S.C. Administrative Law Court

April 22, 2008

Columbia, SC



[1] The arrest and the hearing both occurred prior to the effective date of the Rules of Procedure for the DMVH on April 30, 2007. Thus, the procedure in issue here was governed by the Rules of the Administrative Law Court (ALC) and, in the absence of applicable ALC Rules, the South Carolina Rules of Civil Procedure. See S.C. Code Ann. § 1-23-660 (third paragraph); see also SCALC Rule 68.

[2] ALC Rule 5 governing service reads in full as follows: Any document, pleading, motion, brief or memorandum or other paper filed with the Court shall be served upon all parties to the preceding. Service shall be made upon counsel if the party is represented, or if there is no counsel, upon the party. Service shall be made by delivery, or by mail to the last known address. Service is deemed complete upon mailing. Service that complied with Rule 5(b)(1), SCRCP, also shall satisfy this Rule.

[3] Section 1-23-310 (5) defines “Party” as each person or agency named or admitted as a party, or properly seeking and entitled as of right to be admitted as a party.

[4] Section 1-23-660 (Supp. 2006) states in part, “For purposes of this section, any law enforcement agency that employs and [sic – “and” is a typographical error and was intended to be “an” – See 2006 Act No. 381, § 2] officer who requested a breath test and any law enforcement agency that employs a person who acted as a breath test operator resulting in a suspension pursuant to Section 56-1-286 or 56-5-2951 is a party to the hearing and shall be served with appropriate notice, afforded the opportunity to request continuances and participate in the hearing, and provided a copy of all orders issued in the action….”
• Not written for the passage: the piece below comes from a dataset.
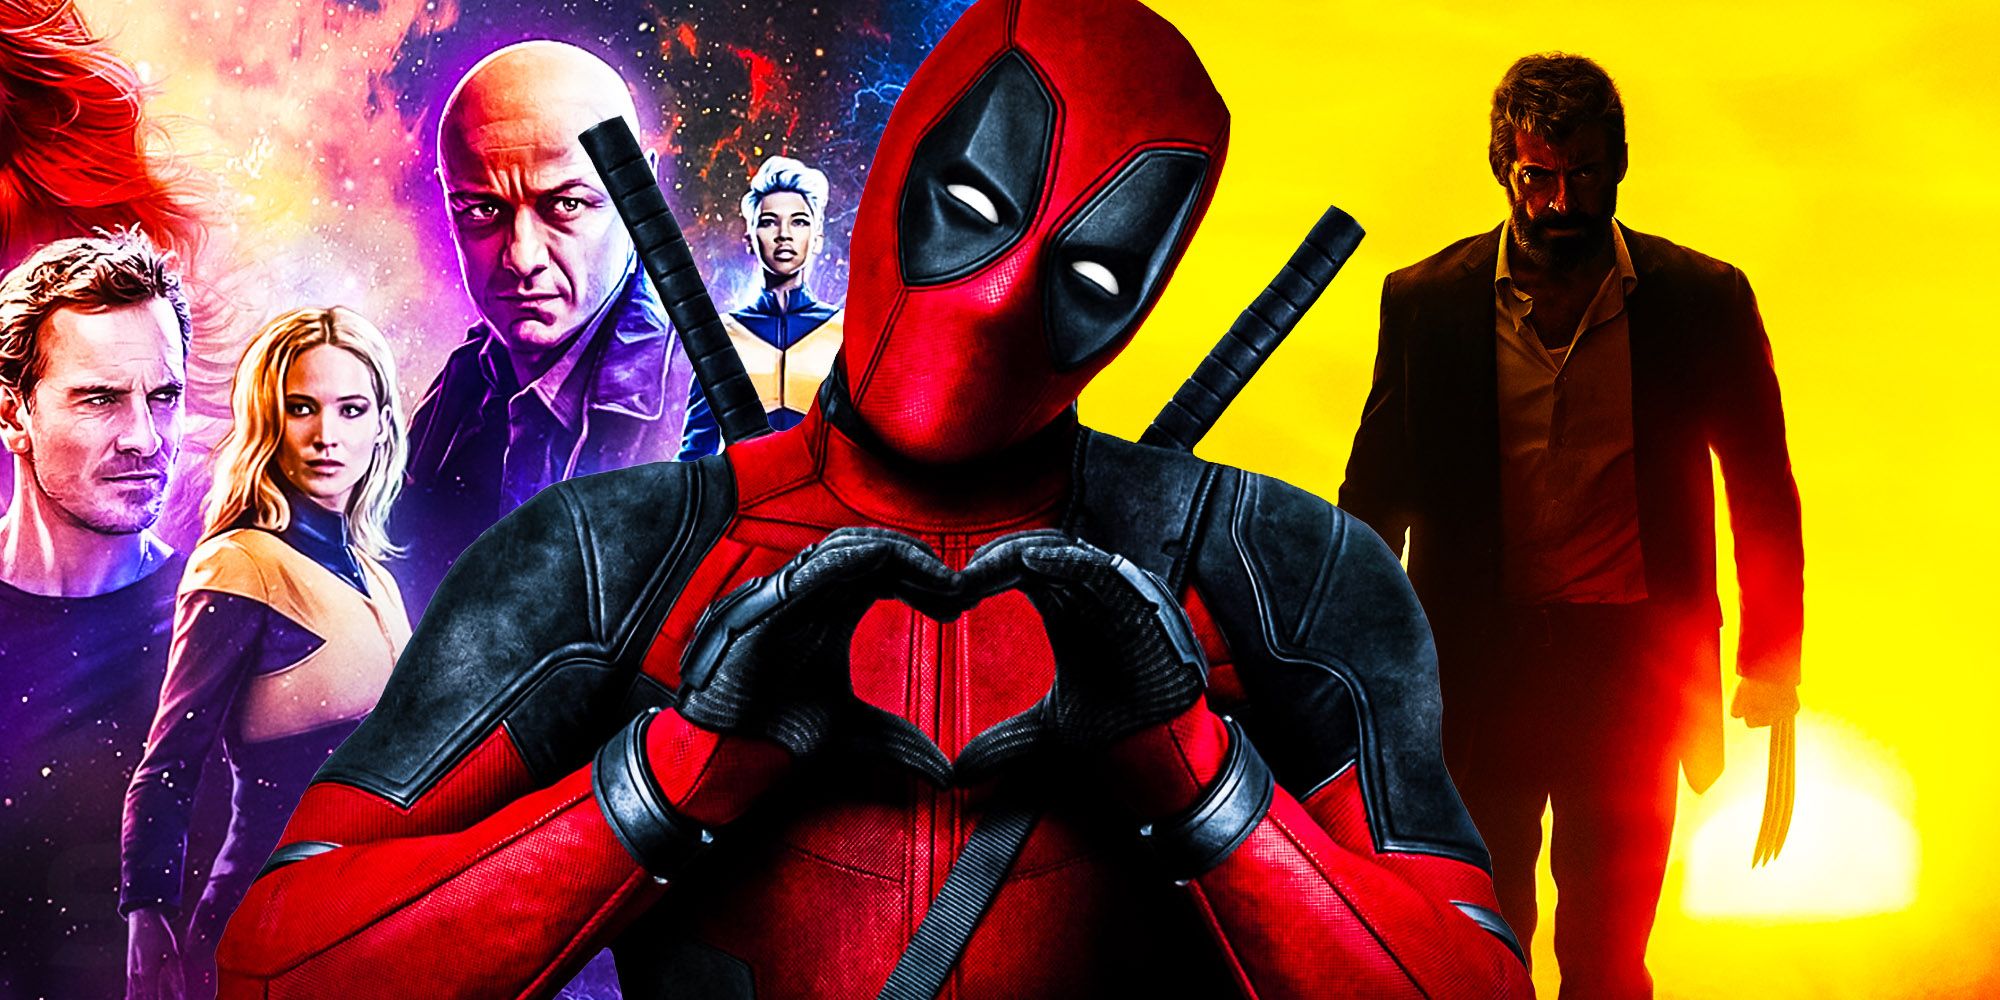 The Fox X-Men Movies Aren't Dead, After All

[5] While actual practice may differ, the requirement of ALC Rule 5 that any paper filed with the Court be served on all parties is supported by a similar provision in Rule 5, SCRCP, “Unless otherwise ordered…all…(4) written notices; (5) discovery requests and responses;…(7)demands;…(11) other similar papers shall be served upon each of the parties of record.”

[6] The Court finds that the discussion and the decision pertaining to Issue (1) and Issue (2) On Appeal are dispositive of the remaining issues raised the Department’s brief. See Futch v. McAllister Towing of Georgetown, Inc., 335 S.C. 598, 613, 518 S.E.2d 591, 598 (1999).